I would do it like this.

 table name: permission columns: id, permission_name 

and then I can assign multiple permissions to the user using the many-many relationship table

 table name: user_permission columns: permission_id, user_id 

This design will allow me to add as many permissions as I want and assign them to as many users as possible.

While the above design comes with your requirement, I have my own ACL implementation method in my application. I post it here.

My ACL implementation method is as follows:

  • The user will be assigned a role (Admin, guest, staff, public)
  • The role will be assigned one or more permissions (user_write, user_modify, report_read), etc.
  • Permission for the User will be inherited from the role that he / she is
  • A user can be assigned by permission manually, except for the permission inherited from the role.

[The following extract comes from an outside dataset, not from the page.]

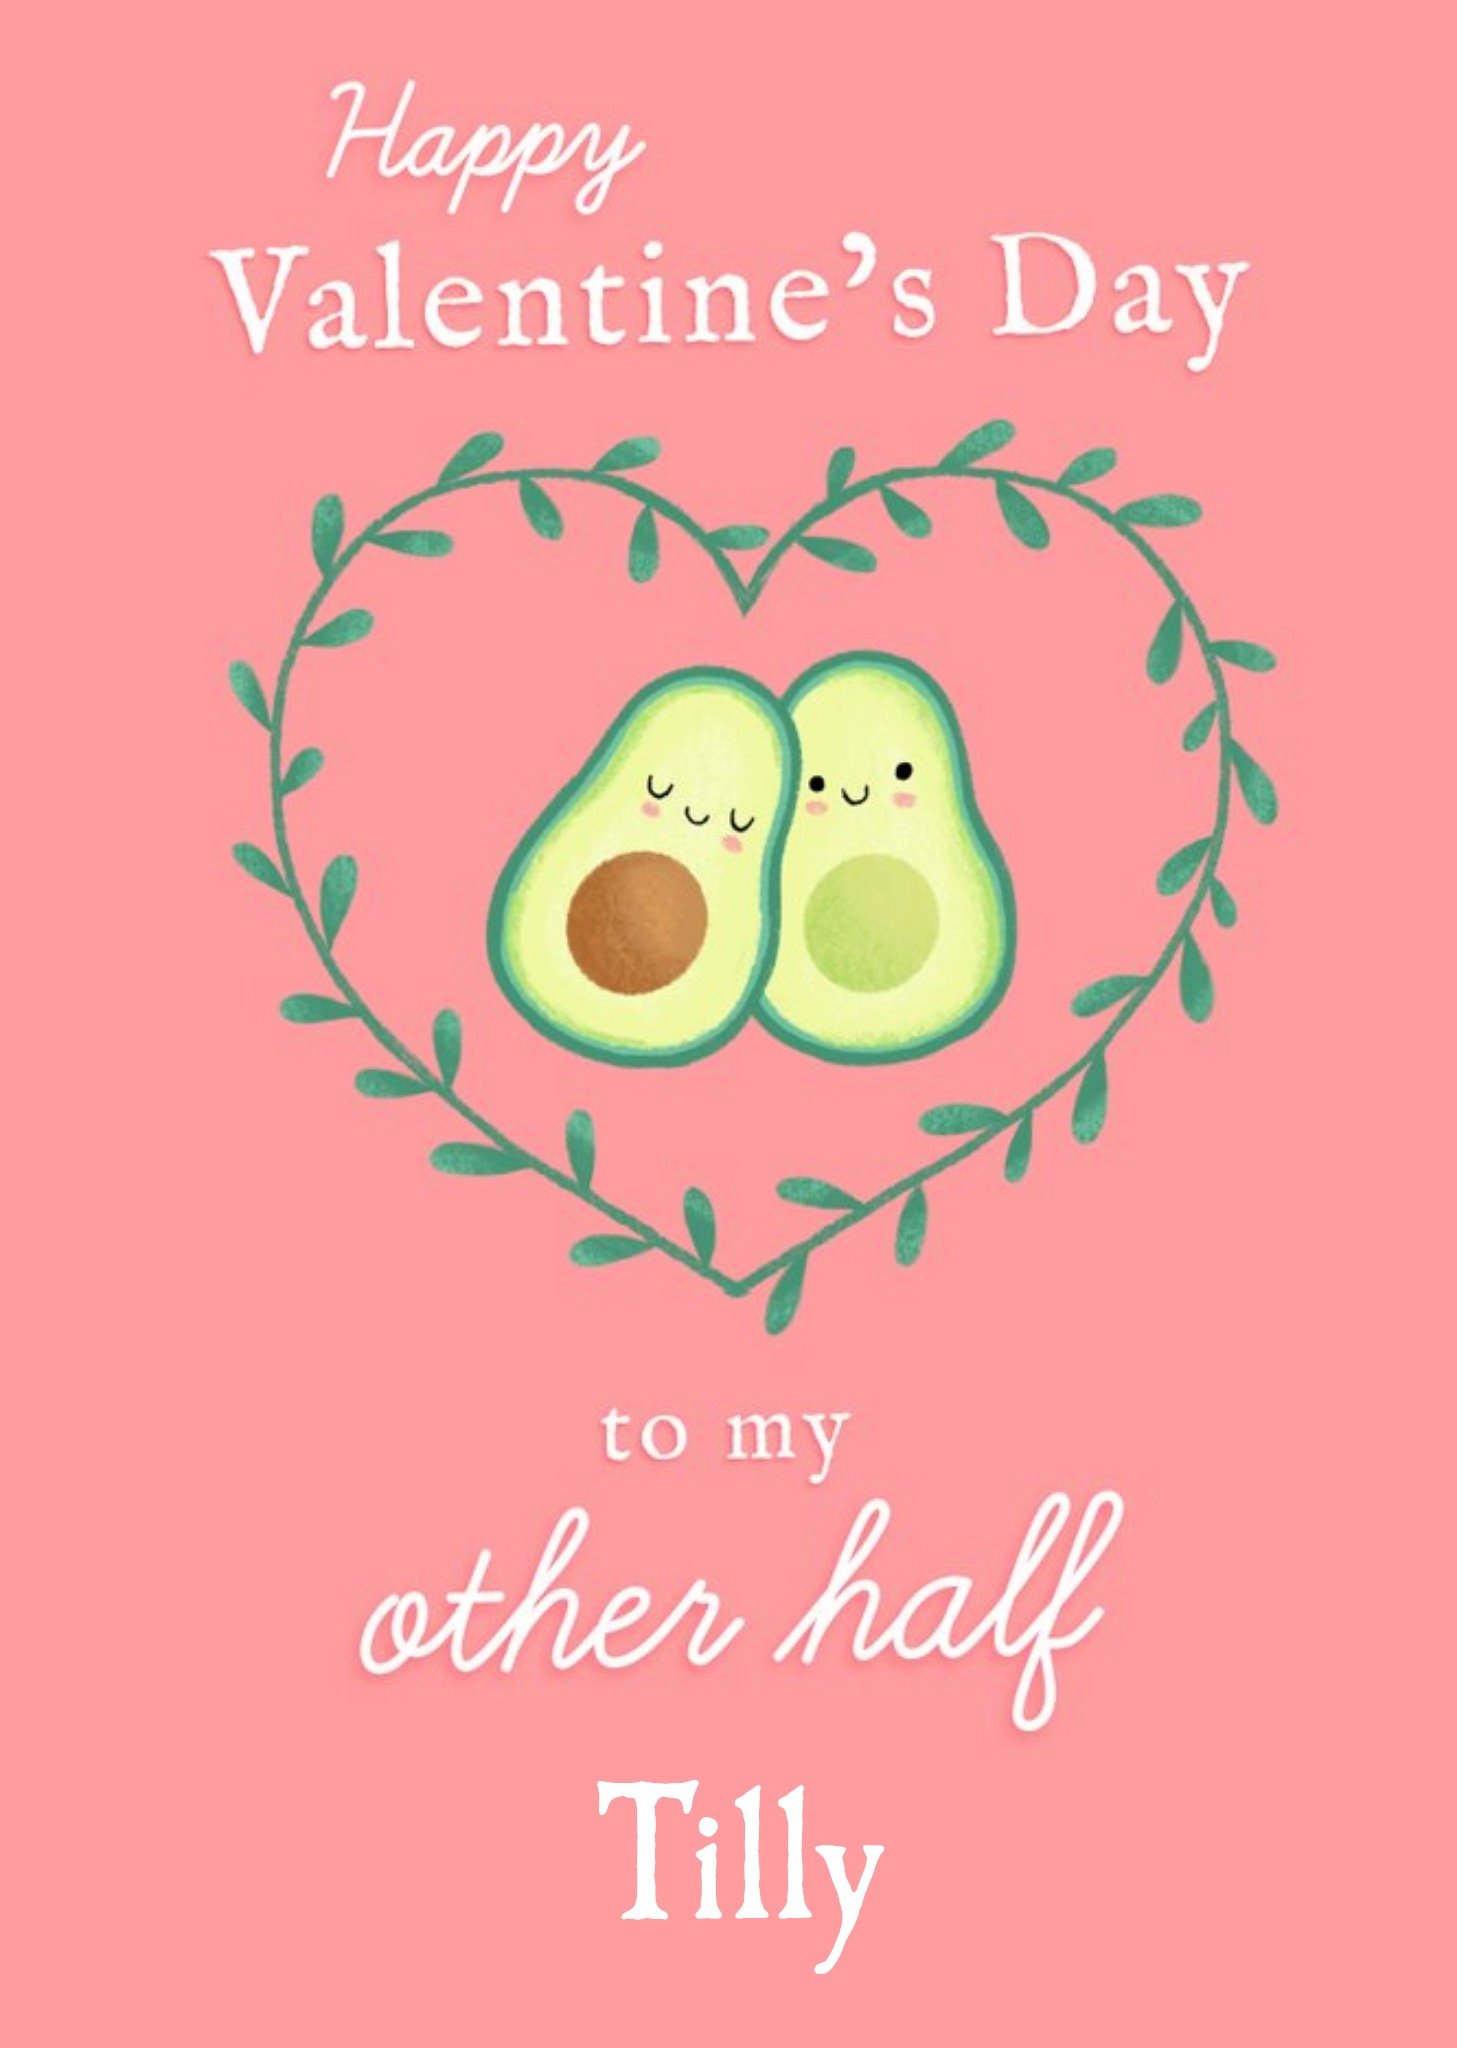 Moonpig Illustration Of Two Half's Of An Avocado On A Pink Background Valentine's Day Card, Large

For this, I came up with the following database design.

 role I store the role name here +----------+ | Field | +----------+ | id | | roleName | +----------+ permission: I store the permission name and key here Permission name is for displaying to user. Permission key is for determining the permission. +----------------+ | Field | +----------------+ | id | | permissionName | | permissionKey | +----------------+ role_permission I assign permission to role here +---------------+ | Field | +---------------+ | id | | role_id | | permission_id | +---------------+ user_role I assign role to the user here +---------------+ | Field | +---------------+ | id | | user_id | | role_id | +---------------+ user_permission I store the manual permission I may allow for the user here +---------------+ | Field | +---------------+ | id | | user_id | | permission_id | +---------------+ 

This gives me more control over the ACL. I can allow super administrators to assign permissions, etc. As I said, this is just to give you this idea.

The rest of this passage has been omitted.